Prices
Private home prices rose at a slower pace in the first quarter of 2026, the third  consecutive slowdown. Sales activity similarly softened, with transactions dipping year-on-year.

According to flash estimates released by the Urban Redevelopment Authority (URA), the overall price index for private residential properties rose marginally by 0.3 per cent in the first quarter of 2026, following three consecutive quarters of slower growth – from 1 per cent in Q2 2025 to 0.9 per cent in Q3 and 0.6 per cent in Q4.


Prices by market segment
The price decline was led by landed properties, which saw prices dip by 1.8 per cent in Q1 2026, following a 3.4 per cent price growth in Q4 2025. Non-landed properties saw prices rebound by 1 per cent in Q1 2026.

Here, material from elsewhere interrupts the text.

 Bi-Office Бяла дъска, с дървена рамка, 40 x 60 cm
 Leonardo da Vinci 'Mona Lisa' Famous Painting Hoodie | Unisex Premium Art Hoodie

Among the sub-markets, non-landed properties in the Core Central Region (CCR) registered the weakest performance, with prices rising by a marginal 0.4 per cent in Q1. This was followed by the city fringe or Rest of Central Region (RCR) at 0.9 per cent and suburbs or Outside of Central Region (OCR), where prices increased the most by 1.3 per cent.


Reasons behind the slower pace of growth
The price falls were likely attributed to weaker transaction volumes across these segments. According to data from URA Realis, the number of landed and non-landed home sales (excluding ECs) in RCR fell the sharpest by 55 per cent, from 2,606 units in Q4 2025 to 1,174 units in Q1 2026. This was followed by OCR, where the number of transactions slid by 29.7 per cent, while transactions in CCR dipped by 17.9 per cent q-o-q in Q1 2026.

Sales momentum was also affected by the Chinese New Year festivities in February, which typically result in slower market activities.


Some market segments and luxury homes are still performing well
While the simultaneous decrease in sales transactions and slower price growth reflect a broader slowdown in the housing market, driven by an escalation of macroeconomic uncertainties and cautious sentiment among buyers and investors, certain market segments are still performing well. These include new homes in attractive locations, ECs and suburban homes with more accessible price points, as well as luxury homes. 

For instance, Rivelle@Tampines and Pinery Residences each sold more than 90 per cent of the entire project within the first weekend.

Meanwhile, luxury home sales (landed and non-landed properties of at least S$5 million) in CCR held relatively steady at 179 transactions last quarter, exceeding the past three-year quarterly (Q1 2023 to Q4 2025) average of 138 units. 67 private homes were similarly sold at this price tag in RCR last quarter, above the past three-year quarterly average of 61 units.

These trends indicate that a growing number of buyers are acquiring premium properties here, viewing them as secure assets in the face of the ongoing macroeconomic uncertainties. It also reinforces Singapore’s reputation as a safe haven for wealth preservation during turbulent times.  


Outlook
The property market has not experienced the full impact of the ongoing Middle East conflicts. Although tensions have heightened geopolitical risks, the scale of impact will be contingent on how the situation unfolds. If the conflict escalates or prolongs, the increased volatility, coupled with higher oil prices and construction costs, could drive up business costs. Inflationary pressures may persist and elevate interest rates, which would have an adverse impact on borrowing costs and home-buying sentiment.

Currently, we are maintaining our overall price projection for 2026 private residential prices to grow by 2.5 to 4.5 per cent, with 23,500 to 25,500 transactions expected for the whole year.